I’ve joined my family’s 100-year-old legacy business, and I’m the first woman to do so. Lately, I’ve been struggling with family members who seem to have nothing better to do than complain about me. I keep hearing that they are badmouthing me and telling everyone that everything I’m doing is wrong, even that I have no claim to the business- my literal legacy. One cousin even told me I was better off when I was naive and lacked confidence because I never stood up for myself. I have worked hard to build strength and resilience, but some people around me seem determined to chip away at it. Other family members tell me to stay quiet and not respond, but I feel conflicted. I want to protect my space and my confidence, but I also want to handle this in a way that doesn’t create unnecessary conflict. How do I navigate being true to myself while dealing with family members who refuse to support me?
@heretostayknowsbest
Hello sis, firstly I read your post and I want to say a bigggg congrats on your determination and hard work to continue the 100 yr old legacy of your family! What an achievement. I have faced criticism from family not in a business sense but more from a life choices way. I want you to know after reading your words, that this business is YOUR legacy too. Please remember that no one can take that away from you. It also belongs to you as much as it does to anyone else in your family. And honestly no amount of gossip or criticism changes that hard, cold truth. I advise you to keep showing up with confidence (even if you have to fake it sometimes) and go ahead and let your actions speak for themselves. You got this sis.
Honestly speaking I think family can bring out emotions that are really hard to manage. At the end of the day remember that not every comment deserves your energy or your time. There are some people and yes even family, that just cant stand to see you speaking up for yourself and your ideas. Moving forward I think you should seriously save your strength for the times that really matter and let the rest pass you by. You are only draining yourself my friend, and they don’t deserve the satisfaction.

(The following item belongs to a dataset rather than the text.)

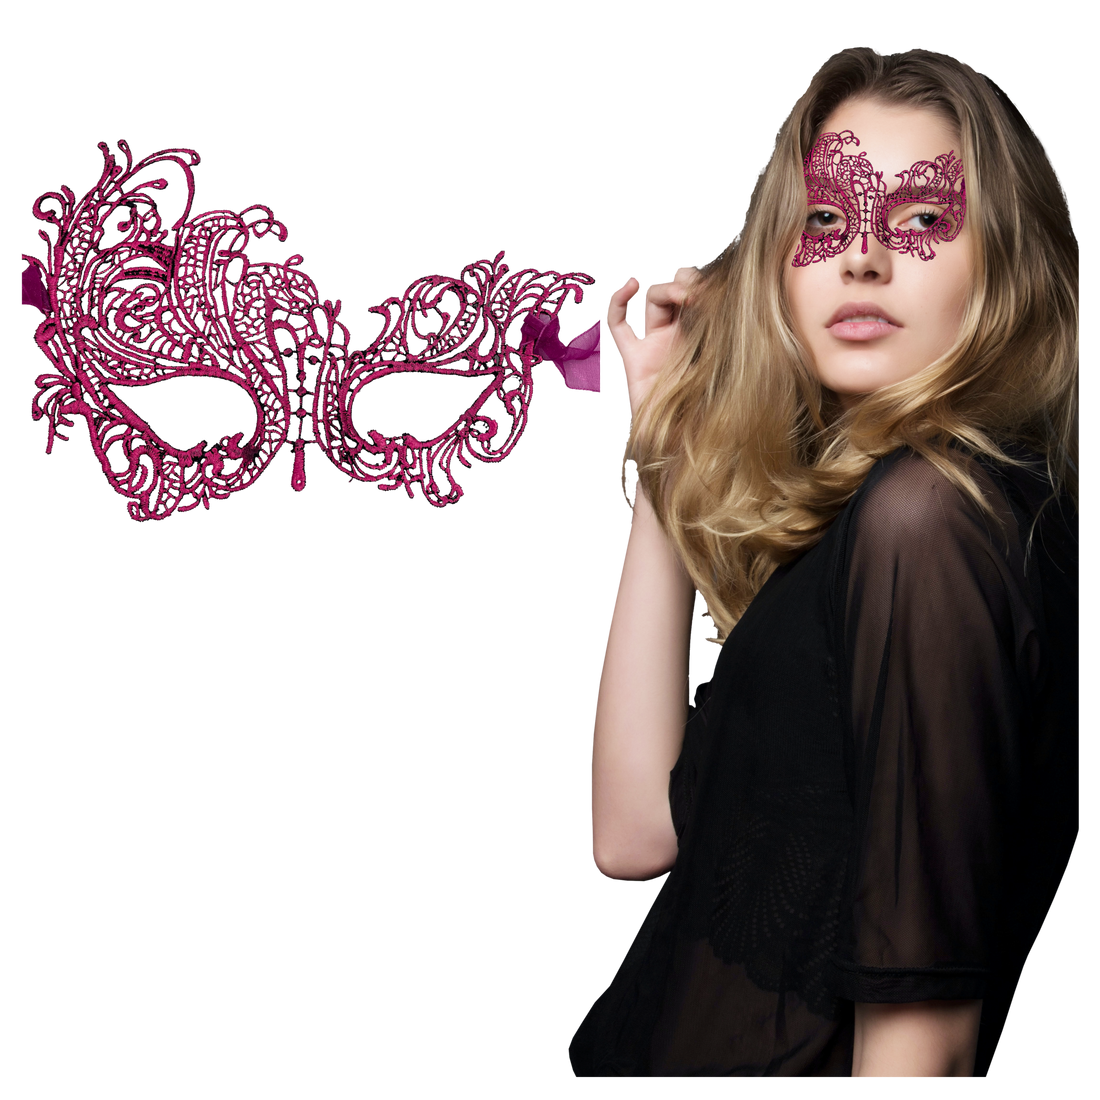 Experience Glamour and Mystery with the Swan Magenta Pink Lace Masquerade Mask for Women
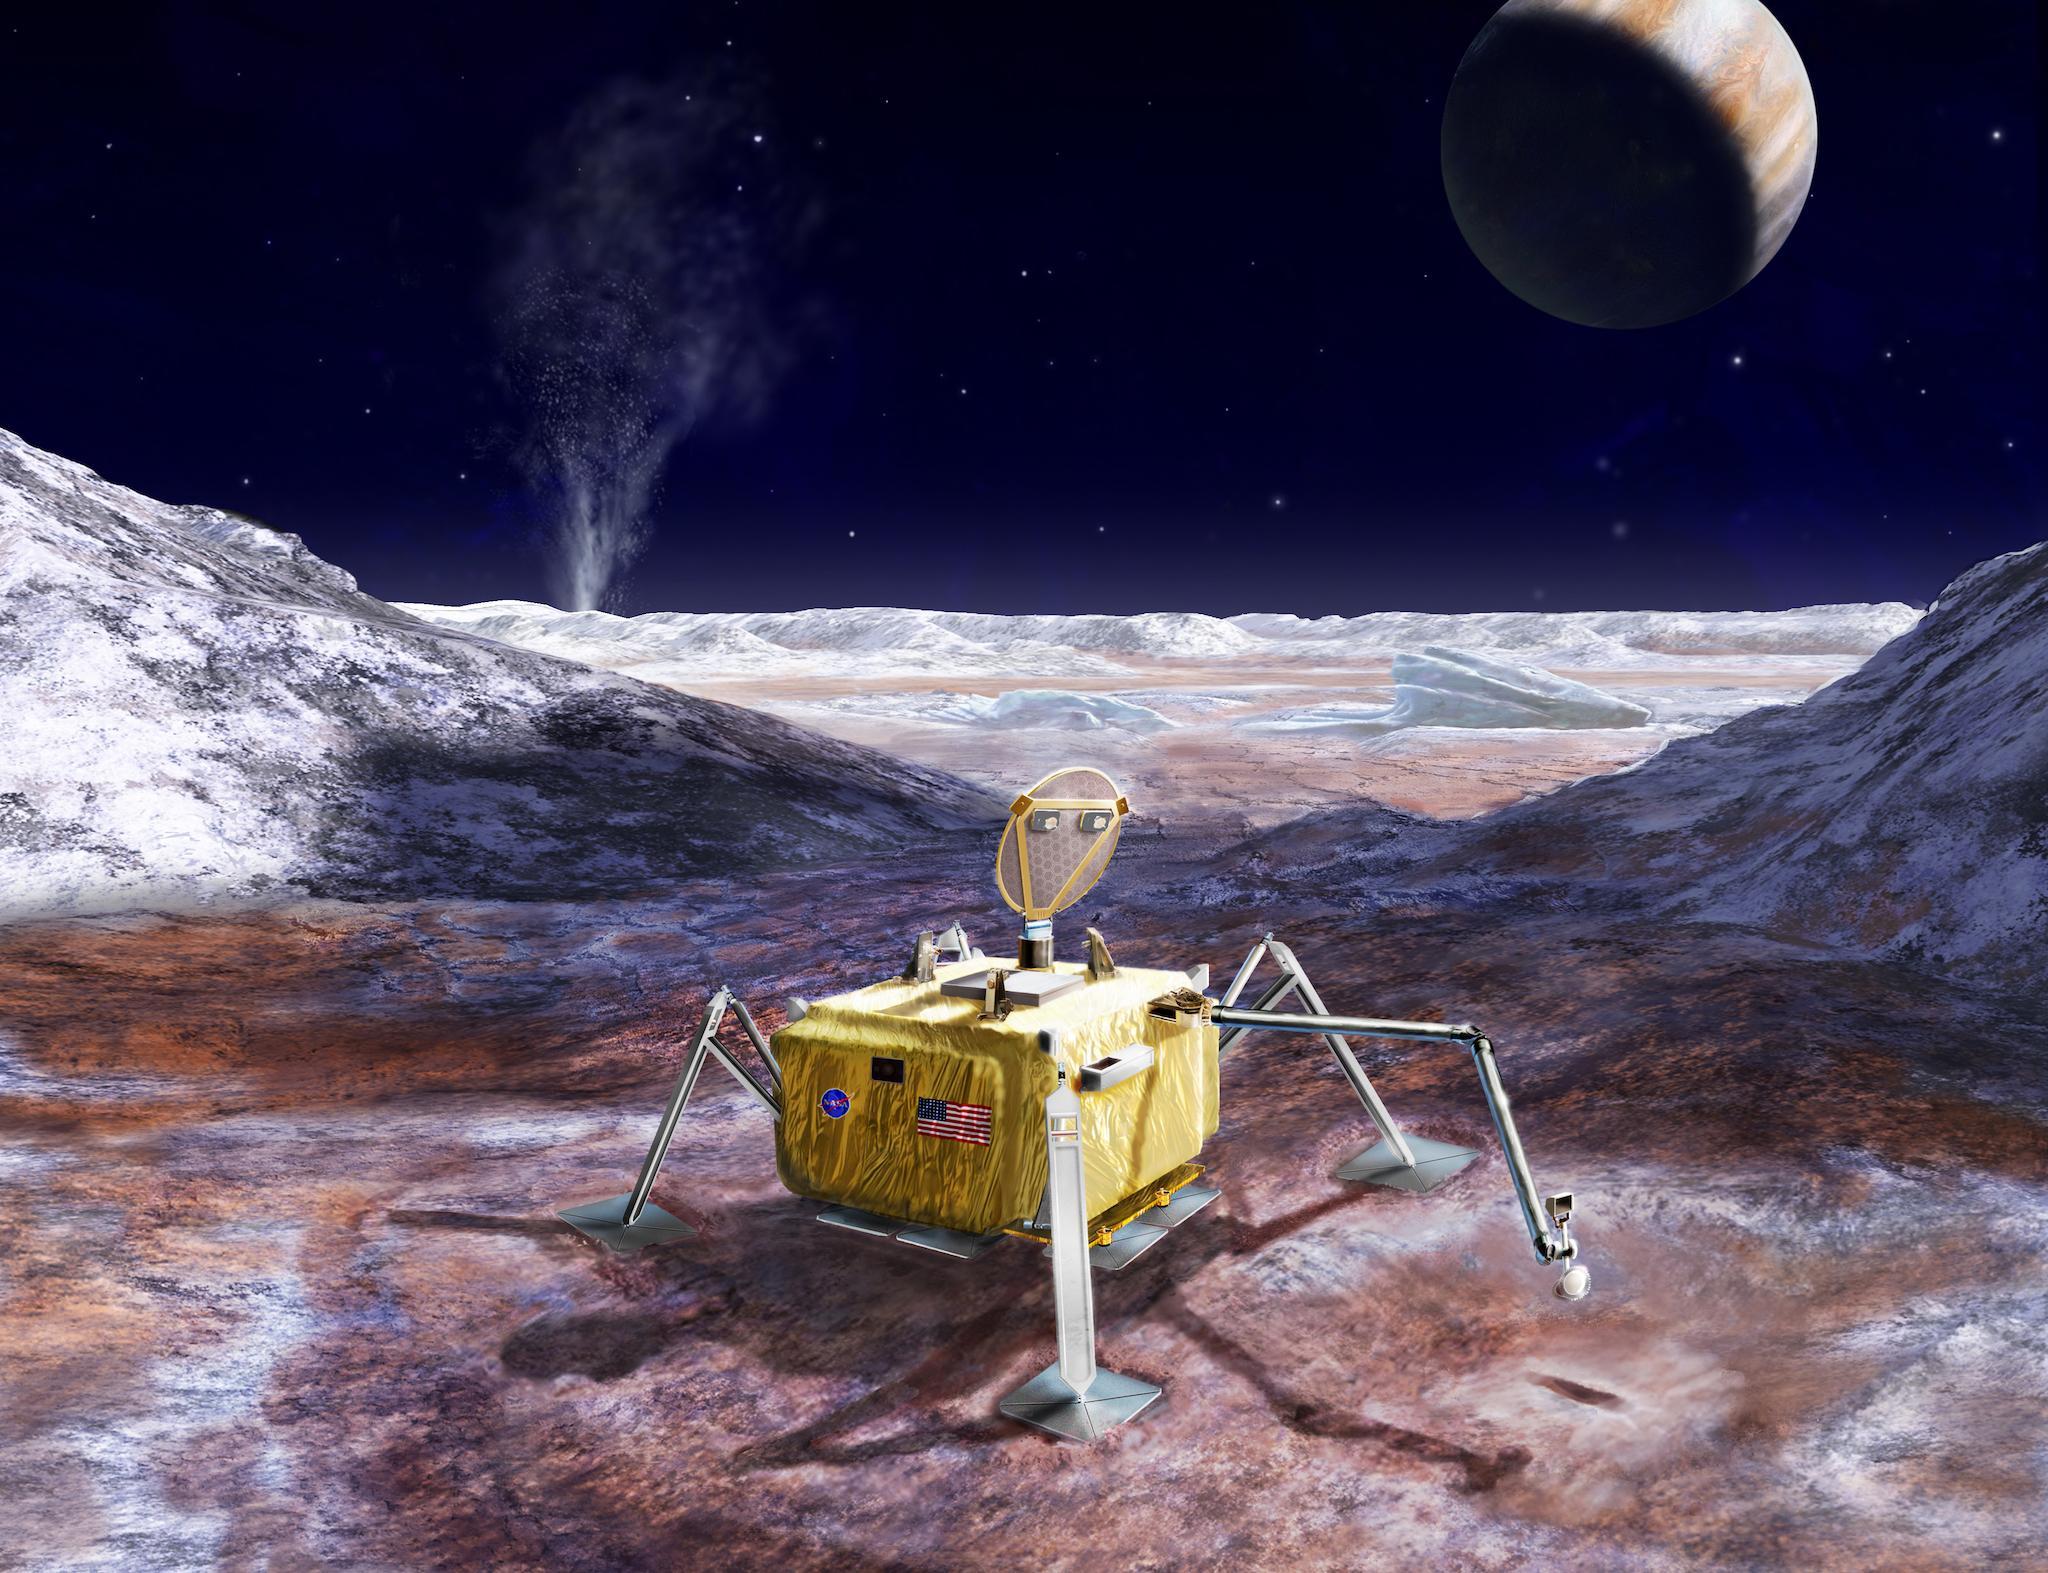 An artist’s rendering illustrates a conceptual design for a potential future mission to land a robotic probe on the surface of Jupiter’s moon Europa

Hey heretostayknowsbest. Look, I know some of the other amazing women who commented had some great advice and motivations. But I wanted to also tell you that sometimes you just don’t have to engage with the BS. If your family member speaks against you, well you dont always have to prove them wrong. You wont even need to say a word because all of your actions and hard work will do that. You can still be confident and true to yourself and it doesn’t mean you have to fight every battle. xx
Hi girl, from 1 female owner to another, I totally echo and agree with what other women have said on this post. I was an employee for many years before I ventured out on my own. I do miss the days where I could complete my to do list, shut off my brain and walk out the door. An extended holiday would be nice as well but I just don’t have the time or energy to entertain bad vibes and negative energy. You probably dont either. You know whats best for the business…and if some things dont work out…it’s all learning and growing. I am behind you girl.
Dear heretostayknowsbest, I am the owner of a business that everyone said would fail and would be a waste of time. I quit my job working in banking in the UK and decided to put my all into it. These family members are toxic. From my solo journey, I used to be terrified of failing and proving them right but all you really need to do is to appreciate the impact and value you are creating not just the output. If you do that you won’t see it as “failure” it’s just “experience”. Please don’t Forget this ❤️
Thank you for sharing this with us. it cant have been easy to write, especially when it concerns family members. Also, I would advise you to try and establish strong, firm boundaries for your own emotional protection, I know its not easy. oh and build a strong support system outside the family unit, its a lifesaver xx
I have this habit of cutting everyone off who doesnt serve me, uplift me or want the best for me. I know you want to keep things peaceful, but please keep in mind that sometimes keeping the peace can cost you your own inner peace. Choose wisely and always choose yourself!!!
omgggg this is the truth, I love when you say keeping the peace will cost you your own peace sometimes. its so true!!
I like your honest truth but I wanted to ask, if you cut off those around you for the reasons you stated, arent you afraid of being alone? I just dont think I would be able to do it because everyone around me doesnt always uplift me or serve me but then again isnt that how it is in life?